Build the Drone Wall – but make it a dome

By Robert Brüll, CEO at FibreCoat

NATO allies are pressing ahead with a so-called ‘drone wall’ along Europe’s eastern flank. The plan, announced after months of rising tension, and culminating in Russian ‘hybrid attacks’ on Denmark and Germany, as well as Latvia, Norway, Poland, Bulgaria, Romania and Estonia, would see a chain of drones, radars, and jammers guarding the borders from the Baltic to the Black Sea. It would be digital defence against Russian threats.

It sounds bold, even visionary: a truly twenty-first century defence system. But unless such a wall is built to be adaptable, and in fact looks less like a wall than a dome, it risks being outdated in a matter of months. Drone warfare, now central to conflict, is evolving more quickly than any other front in modern combat. Just days ago, Copenhagen’s main airport was forced to shut down after rogue drones breached its airspace. The result was grounded flights and stranded passengers. That disruption was just a glimpse of how a single unmanned craft can paralyse a city.

It’s strange to think that drones were seen primarily as toys not that long ago. The latest drones are something very different. They can fly without GPS, slipping past jammers. They can run on AI alone and use highly computerised vision to lock onto targets. They can swarm in packs to overwhelm air defences. When I was in Ukraine just last month, I saw drones carrying AK-47s, flying around without human help, hunting Russian soldiers. It was like something out of science-fiction. And to finish this picture off, many drones are disposable, costing less than a single anti-drone missile. A ‘wall’ of sensors and interceptors without the ability to update themselves will not be able to resist these threats. I say this as someone whose company creates systems capable of counteracting high-energy pulse microwaves and EMP attacks against drones, as well as other countermeasures.

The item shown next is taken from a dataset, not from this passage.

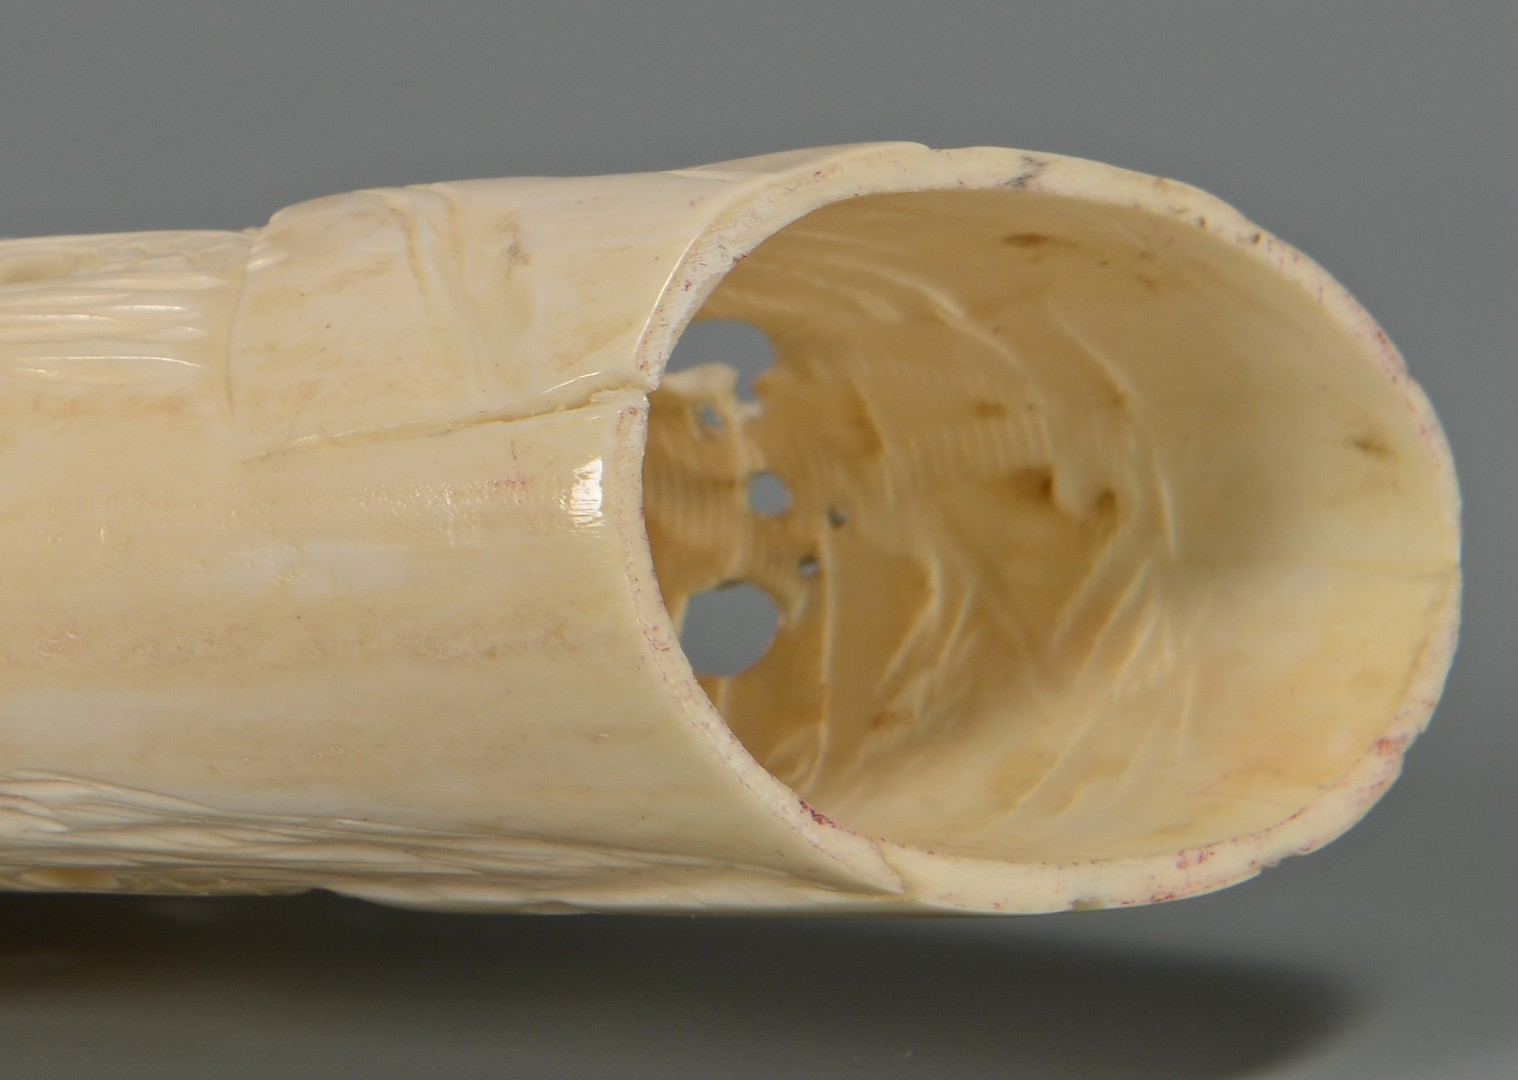 Lot 374: Chinese Carved Ivory Tusk, Openwork Bridge

What makes this situation more complicated is that much of the technology used in and for drones does not come from NATO countries. A vast share of the commercial drones now in European skies are built with Chinese hardware and software. NATO forces are therefore dependent on supply chains that do not answer to our allies. That reliance is already a weakness, and could become more of one as time passes. It’s in part why the White House has started to review export controls, some decades old, restricting the sale of advanced American unmanned systems to its allies. There is a widespread sense, in short, that drone technology is developing at a rapid rate, that no war can realistically be fought effectively without them, and the wrong people have much too much control over the NATO drone supply chain.

One solution for the European NATO members would be to make sure that some of the billions guaranteed by the 5 per cent of GDP pledge gets to the fastest, most innovative companies building the future of aerial warfare. This is what happens in Ukraine: young engineers are empowered to build drone technology, and designs are tested, broken, refined in line with feedback from the frontline, and flown again within weeks. The result is a stream of cheap, lethal, and ever-evolving drones that keep pace with Russian countermeasures. Yet in Europe, defence money still flows to legacy contractors building long-cycle platforms. That has to change.

A truly resilient Europe will not just have a state-of-the-art drone fleet of its own – a system of drones that can work together to make a defensive screen. It will have something more like a dome, made up of drones flying in patrols, linked by sensors, able to detect, track, and intercept threats. The reason it has to be a dome is because a ‘wall’ would only work against direct drone attacks, and that’s not the reality of drone warfare in 2025. Drones can pop up anywhere, at any time, hidden on trucks or underwater, or even being dropped from space. The goal of building a ‘drone wall’ really betrays a 20th century understanding of warfare that’s no longer applicable to our situation. What we need is a shield over Europe, protecting critical infrastructure in the first instance, and then expanding. It can’t be designed according to yesterday’s principles of defence innovation and procurement, or it will have no chance against tomorrow’s drones. Start-ups and engineers must be empowered to lead in drone innovation and build this drone dome quickly. What we don’t want is a Maginot line in the sky: costly, able to give some peace of mind, impressive in theory – but useless in practice when the real test comes.

There are many lessons to draw from the conflict in Ukraine. One is that technology can make a much smaller force punch well above its weight. Another is that the best innovators are young, energetic, and ambitious risk–takers, and they should be let off the leash. But a third – one that friends in Ukraine have explicitly told me – is that it’s only thanks to the conditions and tradition of openness and freedom that every Westerner takes for granted that innovators can do what they do best and build the future. That kind of culture is what, at least in theory, NATO wants to defend. It’s by taking advantage of that culture that we can develop a drone drome sophisticated enough to protect European airspace today, tomorrow, and ten years from now.

Robert Brüll, CEO at FibreCoat. FibreCoat creates ultra-resistant materials used for dummy tanks and decoy ships, spacecraft, chaff for fighter jets, and more. The company supplies NATO and allied forces across Europe.